Genentech, Inc, South San Francisco, CA.
Department of Hematology, Aalborg University Hospital, Aalborg, Denmark.
J Clin Oncol. 2024 Sep 1;42(25):2966-2977. doi: 10.1200/JCO.23.01978. Epub 2024 Jun 6.
Artificial intelligence can reduce the time used by physicians on radiological assessments. For F-fluorodeoxyglucose-avid lymphomas, obtaining complete metabolic response (CMR) by end of treatment is prognostic.
Here, we present a deep learning-based algorithm for fully automated treatment response assessments according to the Lugano 2014 classification. The proposed four-stage method, trained on a multicountry clinical trial (ClinicalTrials.gov identifier: NCT01287741) and tested in three independent multicenter and multicountry test sets on different non-Hodgkin lymphoma subtypes and different lines of treatment (ClinicalTrials.gov identifiers NCT02257567, NCT02500407; 20% holdout in ClinicalTrials.gov identifier NCT01287741), outputs the detected lesions at baseline and follow-up to enable focused radiologist review.
The method's response assessment achieved high agreement with the adjudicated radiologic responses (eg, agreement for overall response assessment of 93%, 87%, and 85% in ClinicalTrials.gov identifiers NCT01287741, NCT02500407, and NCT02257567, respectively) similar to inter-radiologist agreement and was strongly prognostic of outcomes with a trend toward higher accuracy for death risk than adjudicated radiologic responses (hazard ratio for end of treatment by-model CMR of 0.123, 0.054, and 0.205 in ClinicalTrials.gov identifiers NCT01287741, NCT02500407, and NCT02257567, compared with, respectively, 0.226, 0.292, and 0.272 for CMR by the adjudicated responses).
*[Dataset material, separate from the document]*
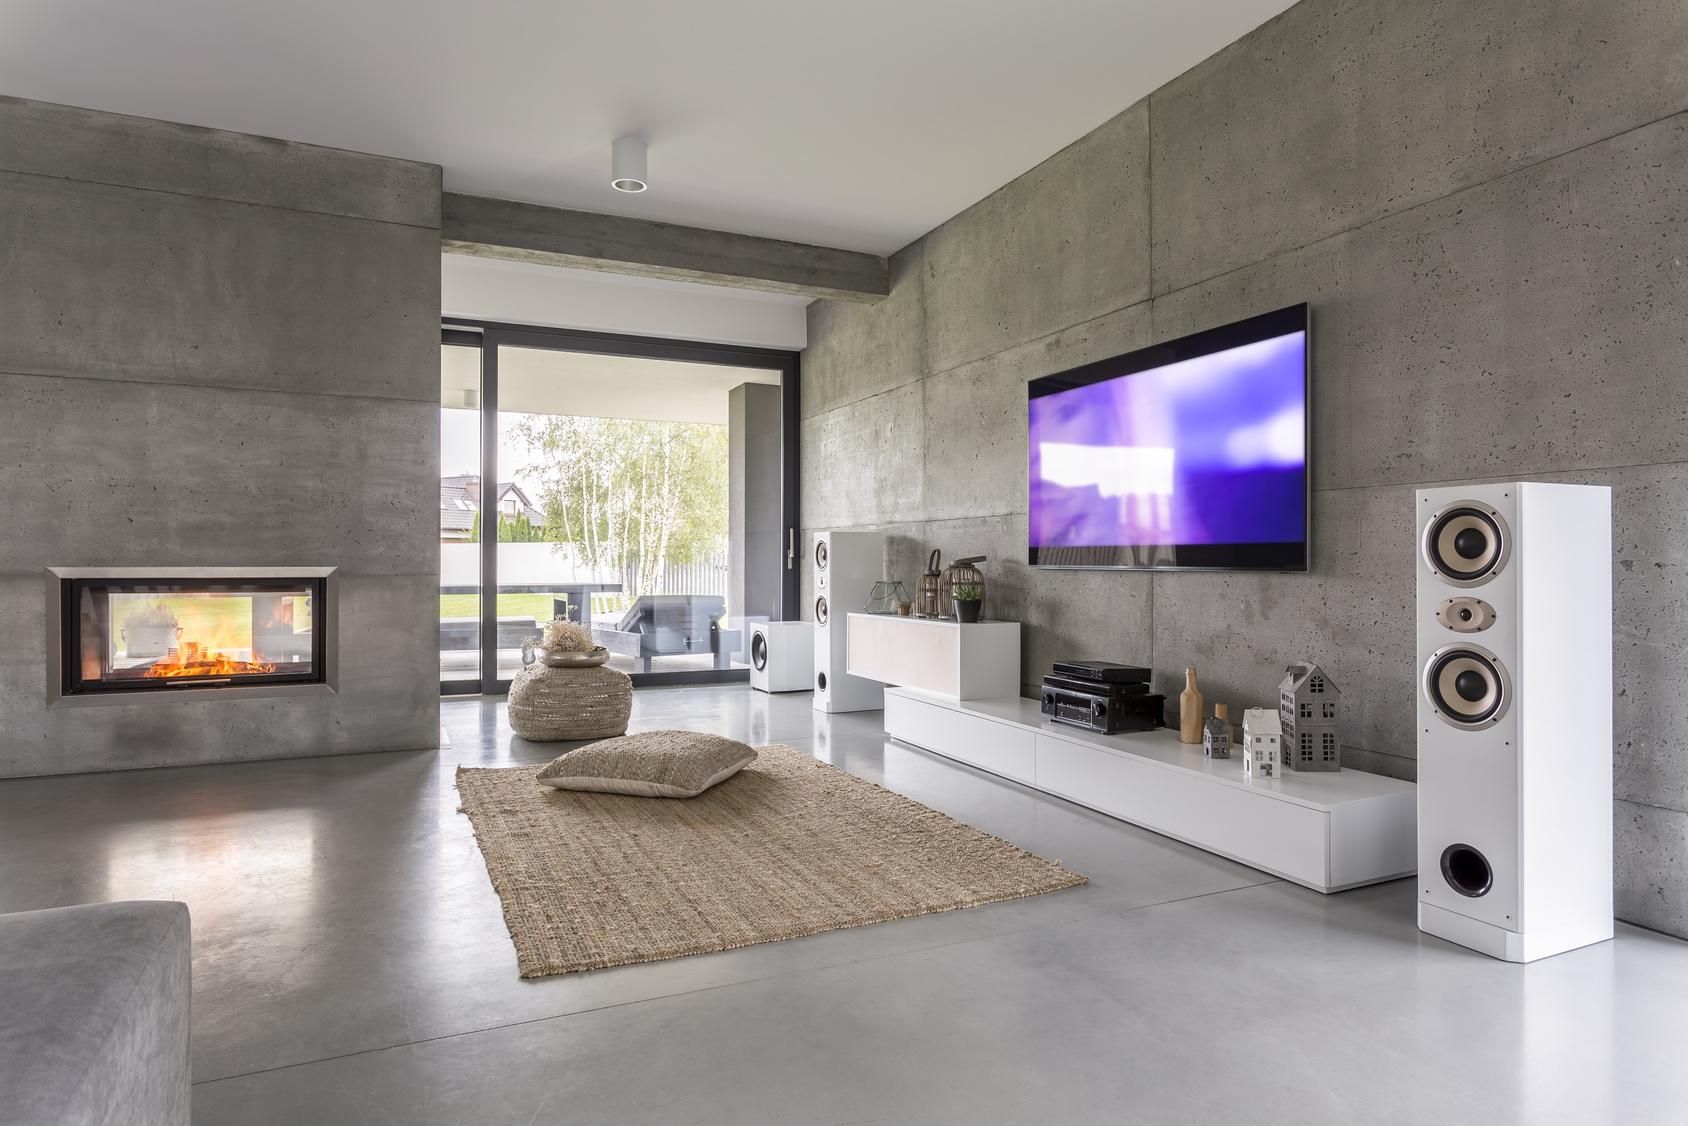 Beton architektoniczny w domu - Beton architektoniczny ...

Furthermore, a radiologist review of the algorithm's assessments was conducted. The radiologist median review time was 1.38 minutes/assessment, and no statistically significant differences were observed in the level of agreement of the radiologist with the model's response compared with the level of agreement of the radiologist with the adjudicated responses.
These results suggest that the proposed method can be incorporated into radiologic response assessment workflows in cancer imaging for significant time savings and with performance similar to trained medical experts.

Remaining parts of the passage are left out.